Recorded data:
-- Opening Marker --

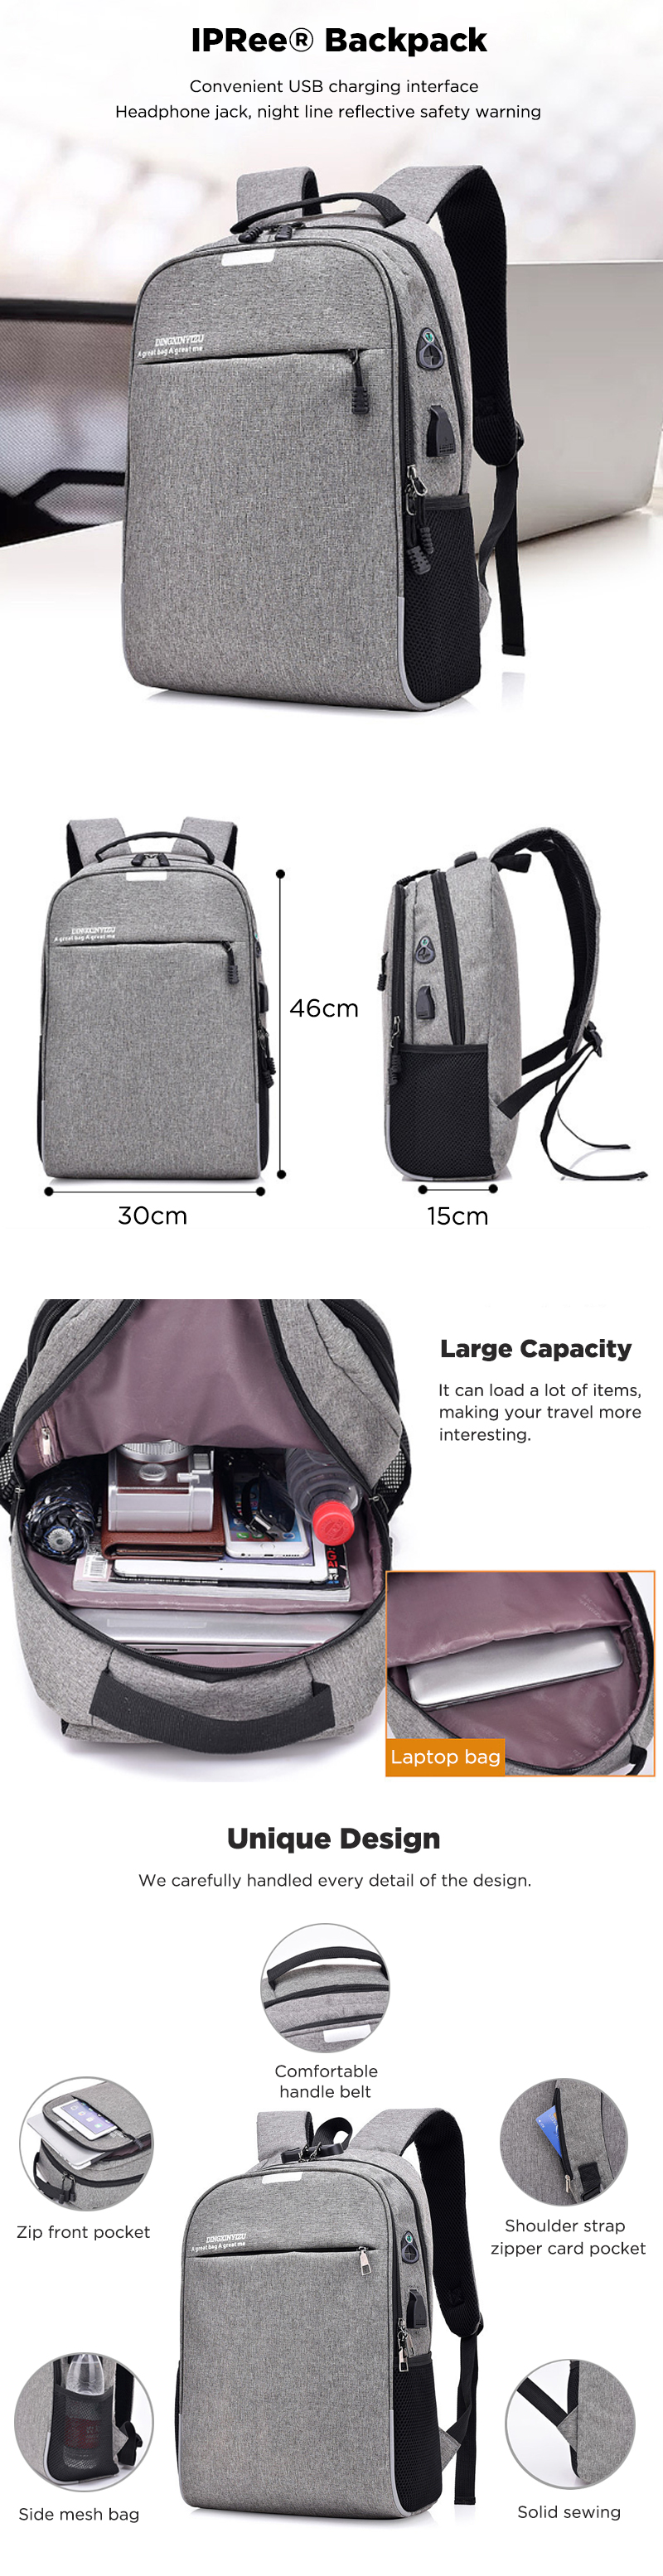 IPReereg-18L-Backpack-16inch-Laptop-Bag-USB-Charging-Headphone-Jack-Shoulder-Bag-Anti-theft-Luminous-1587935-1
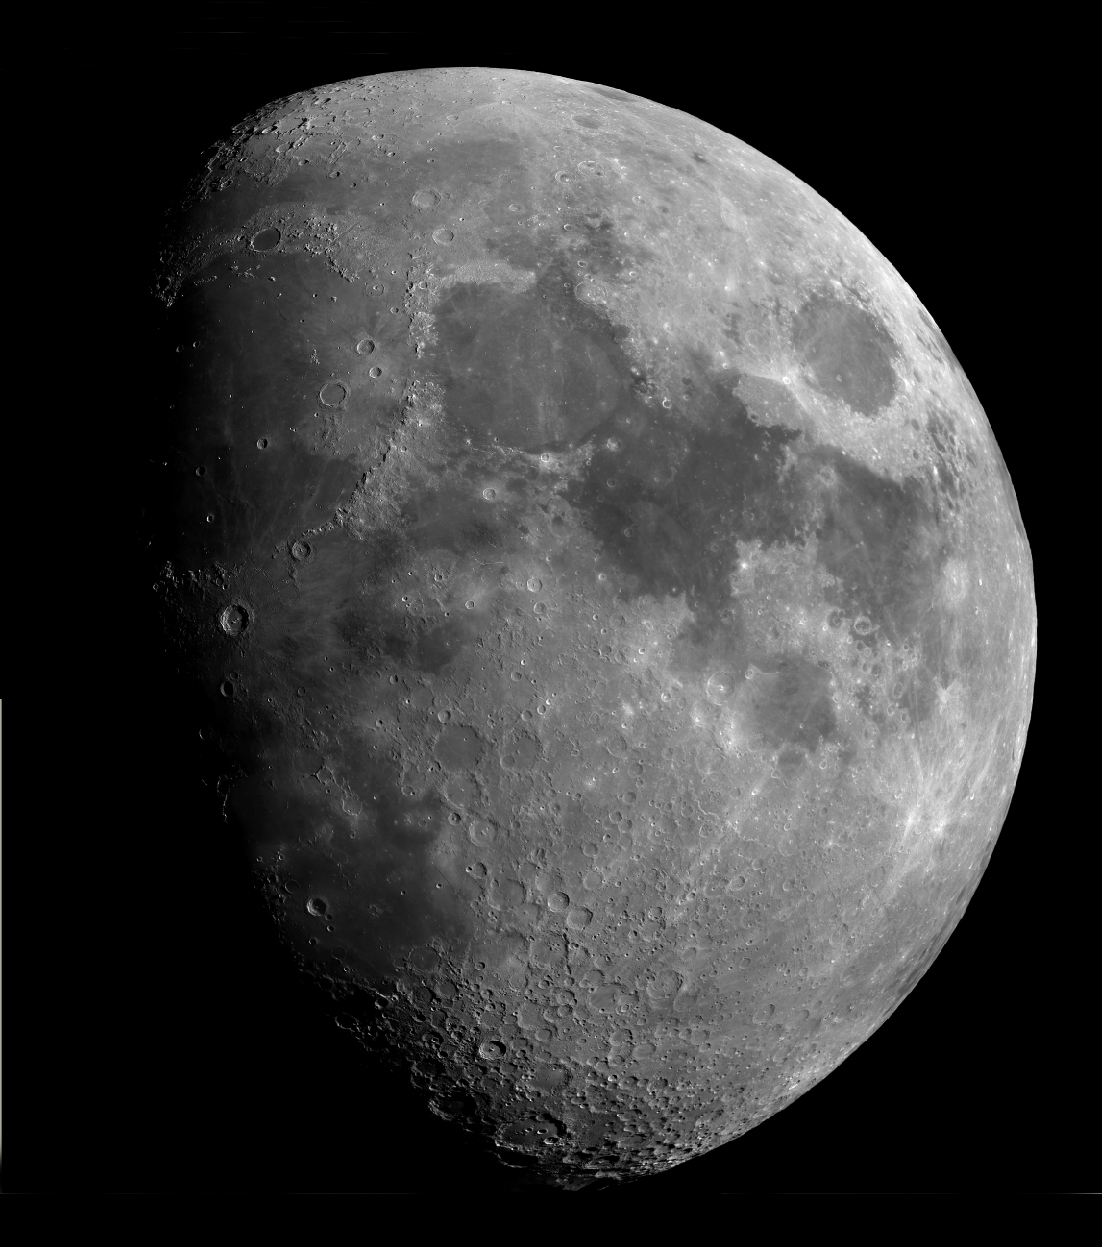 World record Lunar Image
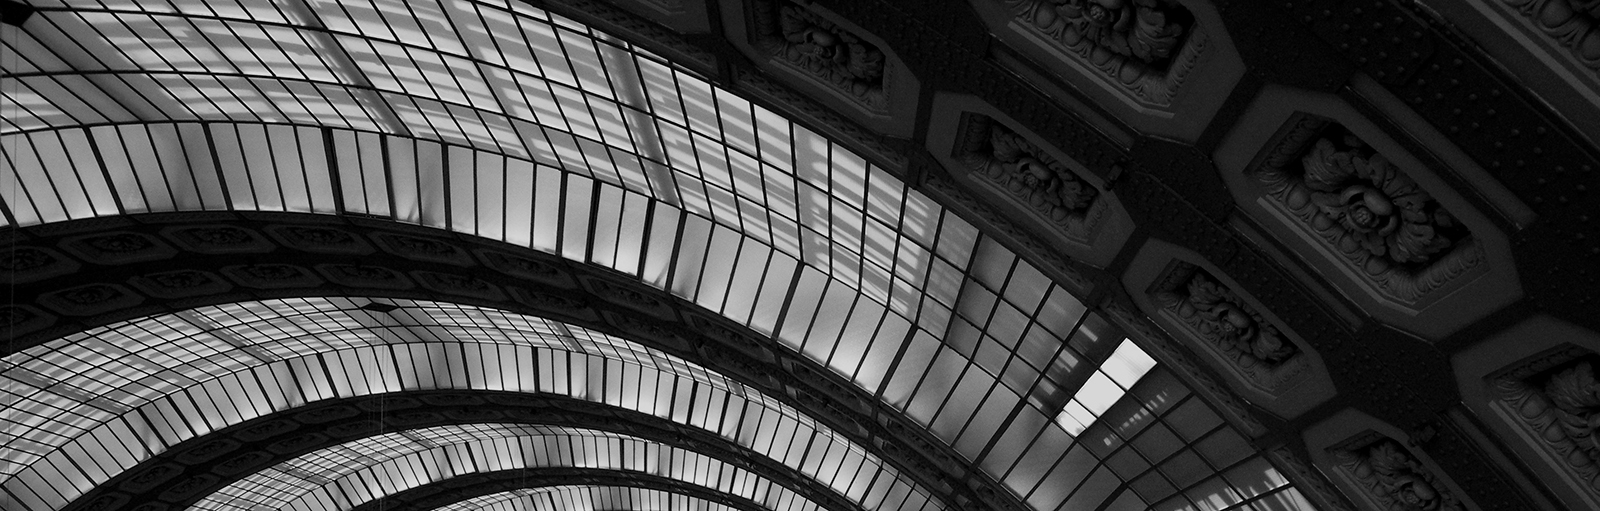 ceiling of the Orsay Museum in Paris
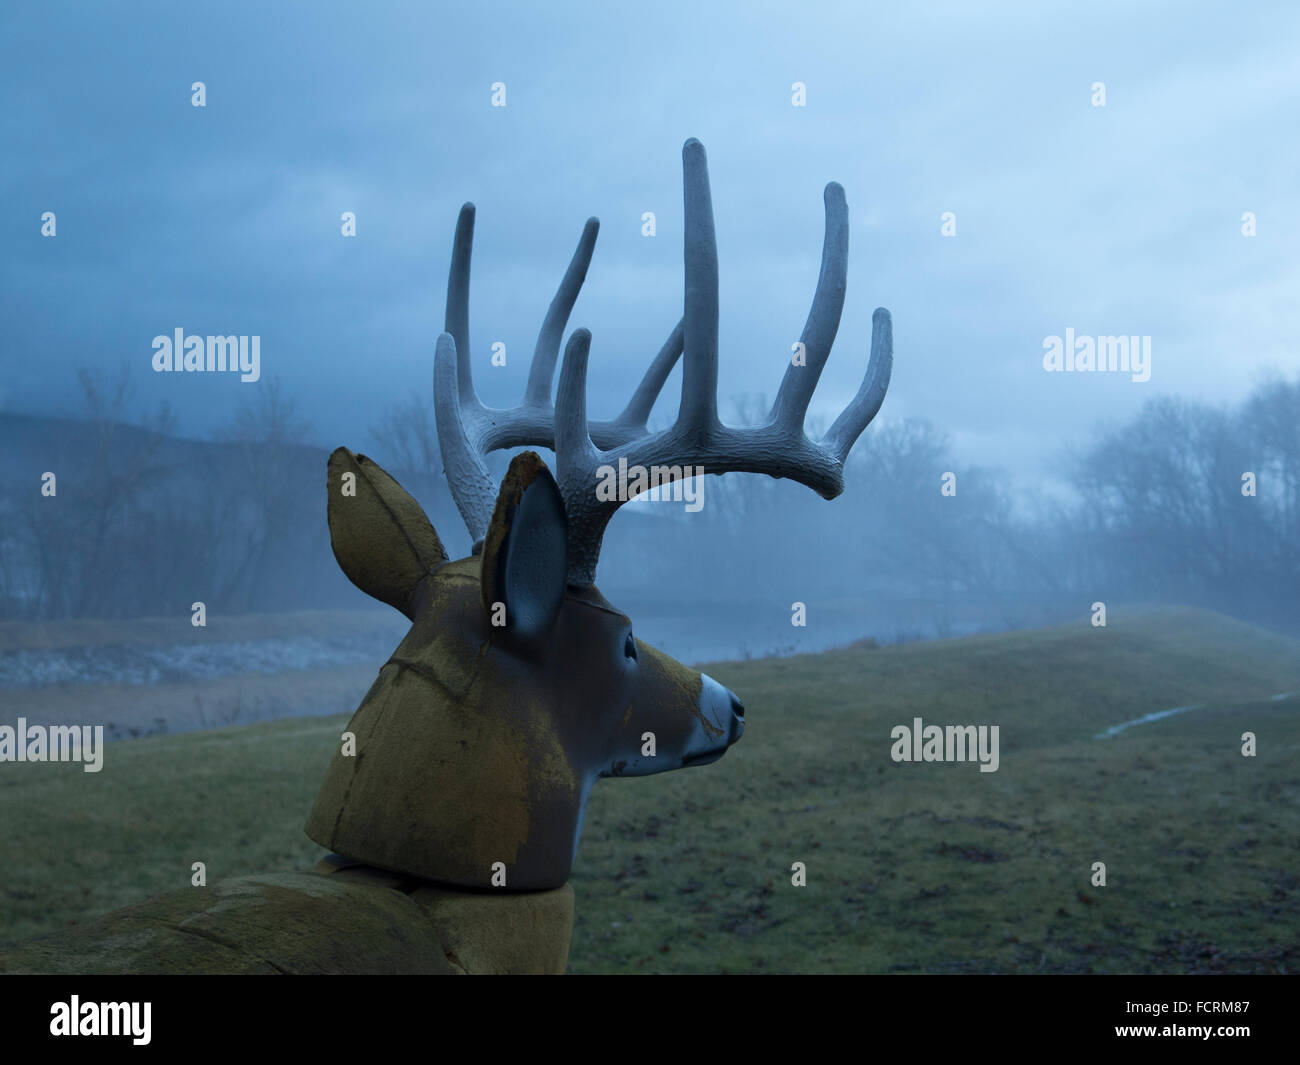 A deer practice target stands in a winter fog in rural Massachusetts. Stock Photo
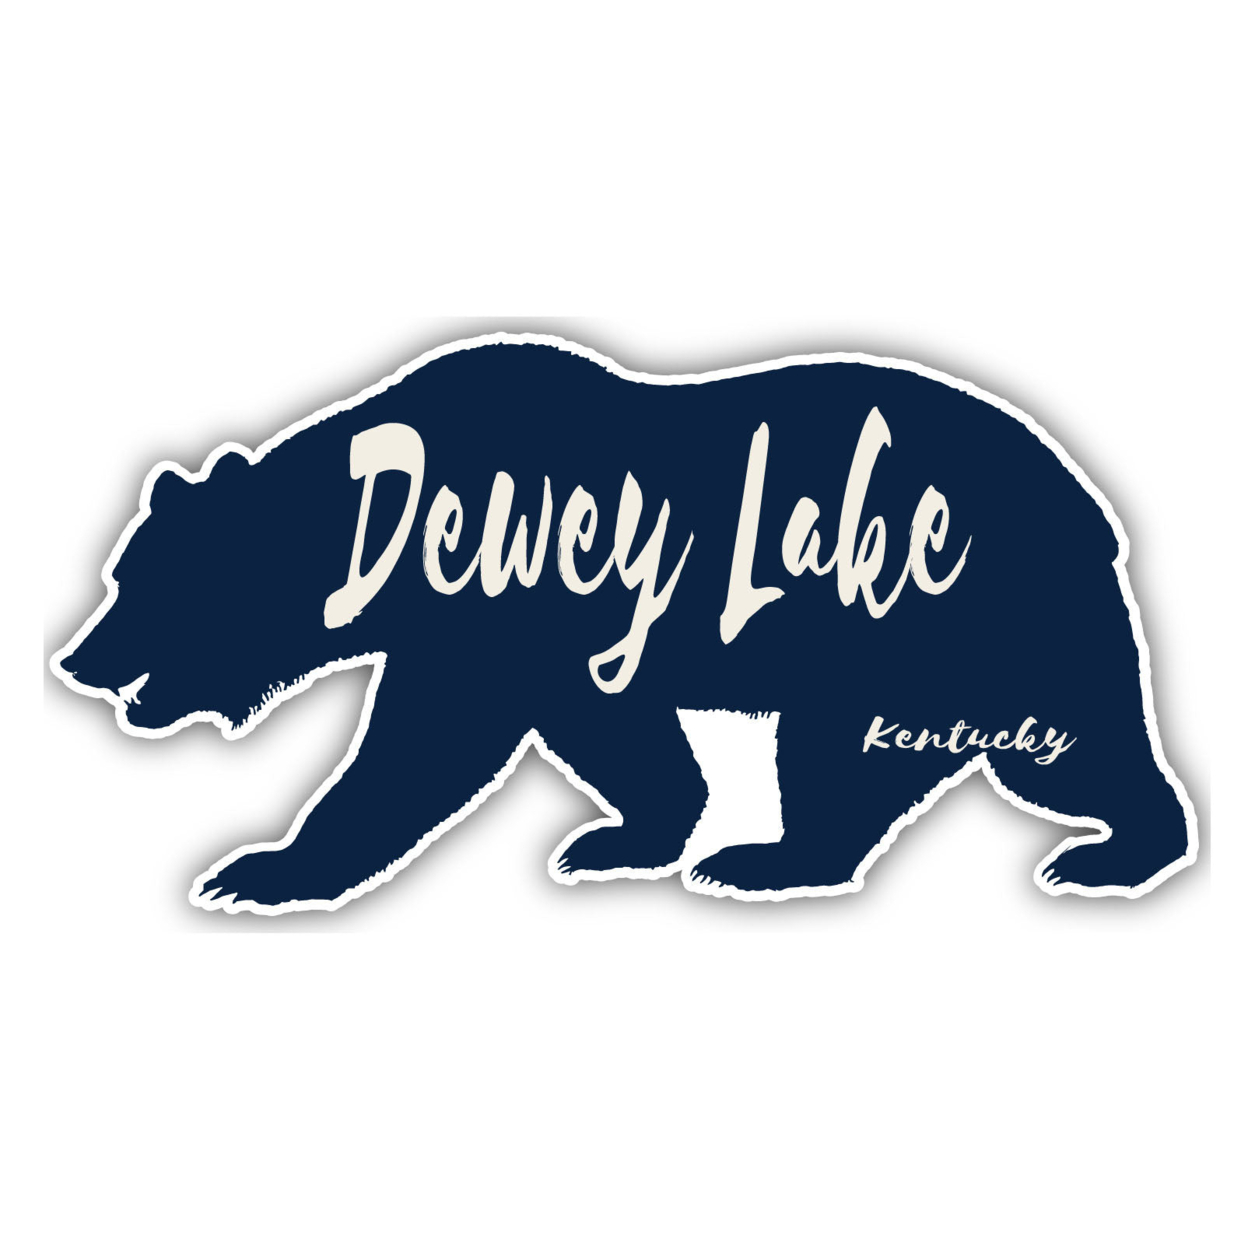 Dewey Lake Kentucky Souvenir Decorative Stickers (Choose Theme And Size) - Single Unit, 8-Inch, Bear

-- Closing Marker --

■ Assignment: Transcribe the records in full and exactly. Pictures stay out.

■ Solution to the problem:
 IPReereg-18L-Backpack-16inch-Laptop-Bag-USB-Charging-Headphone-Jack-Shoulder-Bag-Anti-theft-Luminous-1587935-1
 World record Lunar Image
 ceiling of the Orsay Museum in Paris
 A deer practice target stands in a winter fog in rural Massachusetts. Stock Photo
 Dewey Lake Kentucky Souvenir Decorative Stickers (Choose Theme And Size) - Single Unit, 8-Inch, Bear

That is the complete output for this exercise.